La criada llevo rápido una almohadilla.
—Tranquilo, tranquilo, no llores. Esto te ayudará con la hinchazón —dijo Doña Carrasco mientras extendía la mano para colocar la almohadilla en la frente de Juan.
Pero una voz fría y clara la detuvo en seco.
—No uses una almohadilla térmica. Usa una compresa fría —dijo Melina, de pie al final de la escalera. —Seguía vestida con aquel horrible traje y llevaba una bolsa de tela al hombro. El aura fría que la rodeaba hacía difícil creer que acababa de bajar de las montañas.
—¡No actúes como si supieras más! Las almohadillas térmicas reducirán la hinchazón y la inflamación —le espetó Doña Carrasco a Melina.
Haciendo caso omiso del consejo de Melina, aplicó con suavidad la compresa caliente sobre el gran chichón de la frente de Juan.
—¡Ay! —gritó Juan de dolor.
—No te muevas —le ordenó Doña Carrasco—. Tenemos que mantenerlo caliente o la hinchazón no bajará. —Pidió ayuda a la criada para sujetar a Juan.
Bernardina observó a su hijo en apuros, con el corazón compungido por él.

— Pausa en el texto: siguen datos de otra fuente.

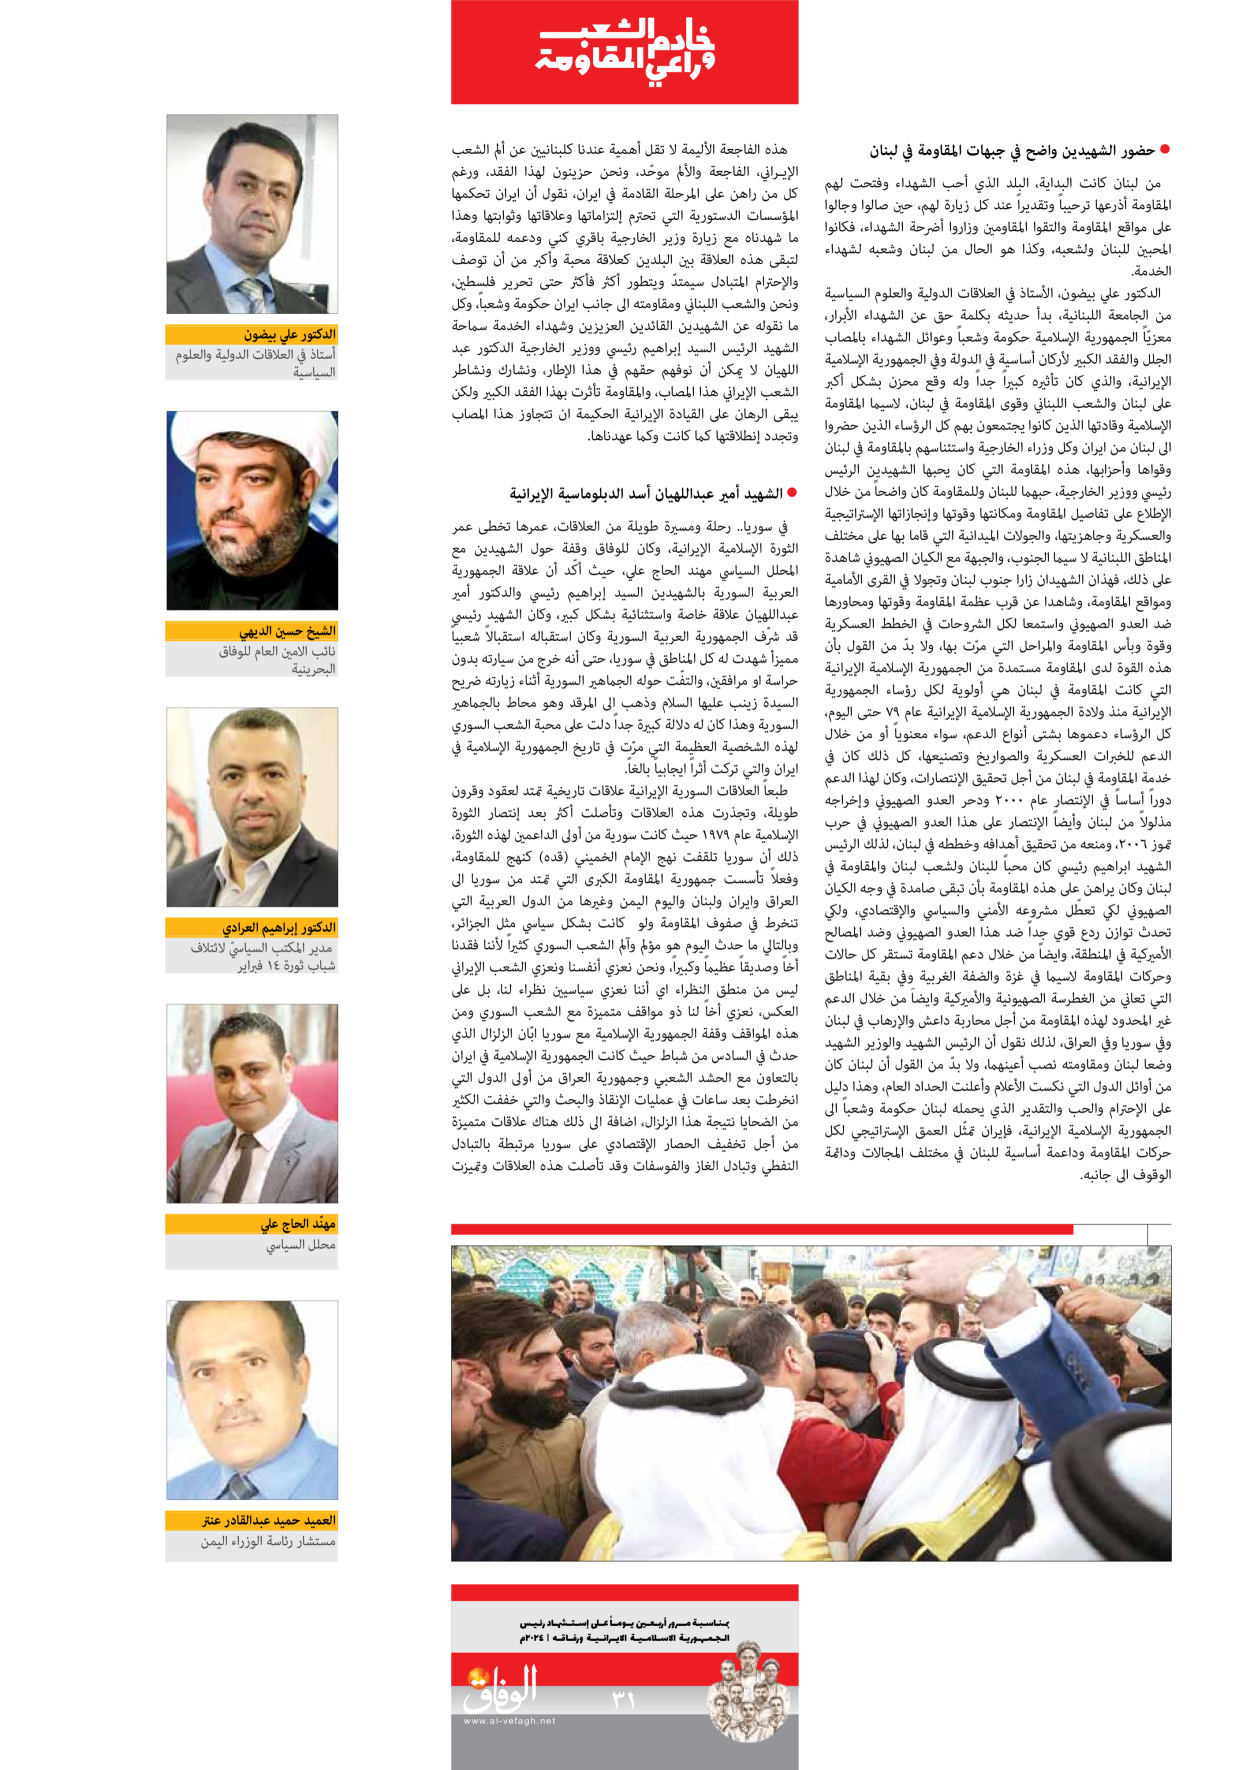 صحیفة ایران الدولیة الوفاق - ملحق ویژه نامه چهلم شهید رییسی - ٢٩ يونيو ٢٠٢٤ - الصفحة ۳۱

Pero no se atrevió a desafiar a Doña Carrasco, así que permaneció ansiosa a su lado. De repente, una mano delicada agarró la muñeca de la anciana.
—¡¿Qué estás haciendo?! —exclamó Doña Carrasco, mirando a Melina.
—He dicho que uses una compresa fría —repitió Melina con firmeza.
—¡Fuera de mi camino! —Doña Carrasco echó humo, sacudiéndose la mano de Melina—. He visto más días que tú. No me enseñes a tratar a mi nieto. Había visto a su amiga, la Señora Cabrera, utilizar este método para reducir la hinchazón de su nieto. ¿Cómo podía estar mal?
Aprovechando la oportunidad, Juan se zafó del agarre de Doña Carrasco y corrió a los brazos de Bernardina, sollozando sin control. Tenía la cara llena de lágrimas y mocos, lo que le daba un aspecto lamentable. La ira de Doña Carrasco se intensificó. Justo cuando llegaba el médico de cabecera, estaba a punto de ordenar al criado que devolviera a Juan.